He’s looking for other acquisitions – and Annette Murphy, the company’s former SVP for fibre solutions, who became managing director for Europe in Caruso’s great management reorganisation, will have a role in that. “We’re actually looking in Europe” for potential acquis-itions, he says. “Annette has a really strong knack for finding opportunities. She is working with Ian Cunningham, the head of sales in Europe.” 

Cunningham joined in January this year after a year at – surprise – Level 3. He spent the previous three years at credit information agency Experian. Before that, though, he was at Vodafone and BT. 

Zayo is looking to extend the network “to Hong Kong, Tokyo, Singapore, Sydney”, says Caruso. And apart from the big potential acquisitions the company is working on, they are looking for small gap-fillers. “We call the small ones tuck-ins,” he says. “We like tuck-ins.
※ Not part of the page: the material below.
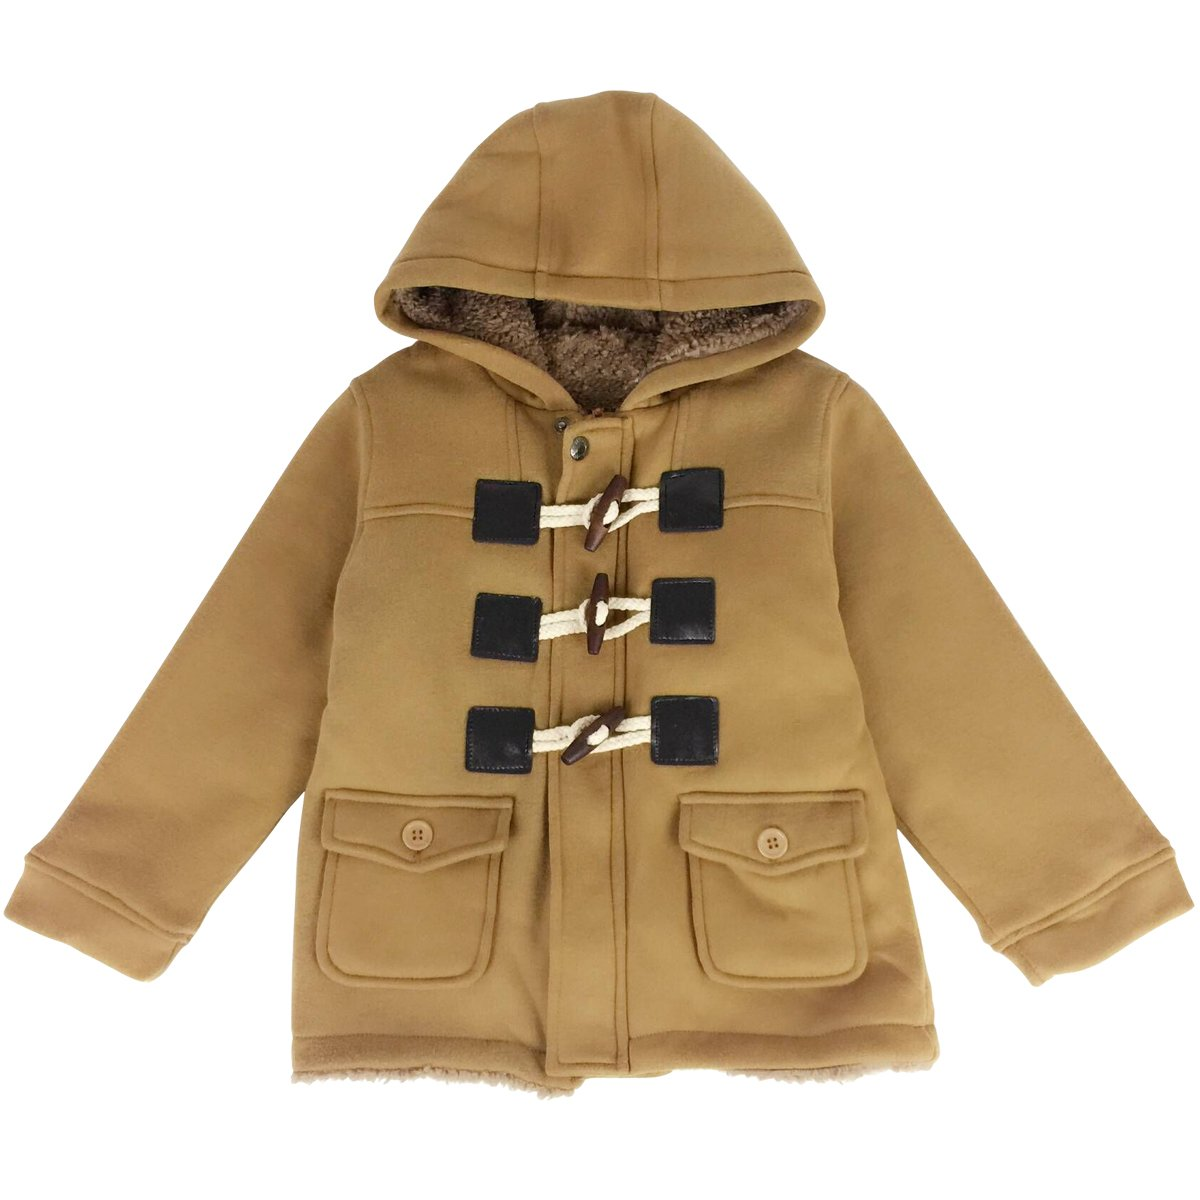 08c67a2d3 Amazon.com  Jastore Unisex Baby Boys Girls Winter Warm Hooded Coat ...

I want to do lots at the same time.”

And, having parted from so many former colleagues at the company, is Caruso determined to stay strong and stable in Zayo? “I don’t have the inclination to take my money and go off,” he smiles. “I don’t want to go and play golf. I’m not ready to hang up my spikes.”

But, he adds, “I should have less of a hands-on role. I want to get to the point where Andrew and Phil are driving the business.”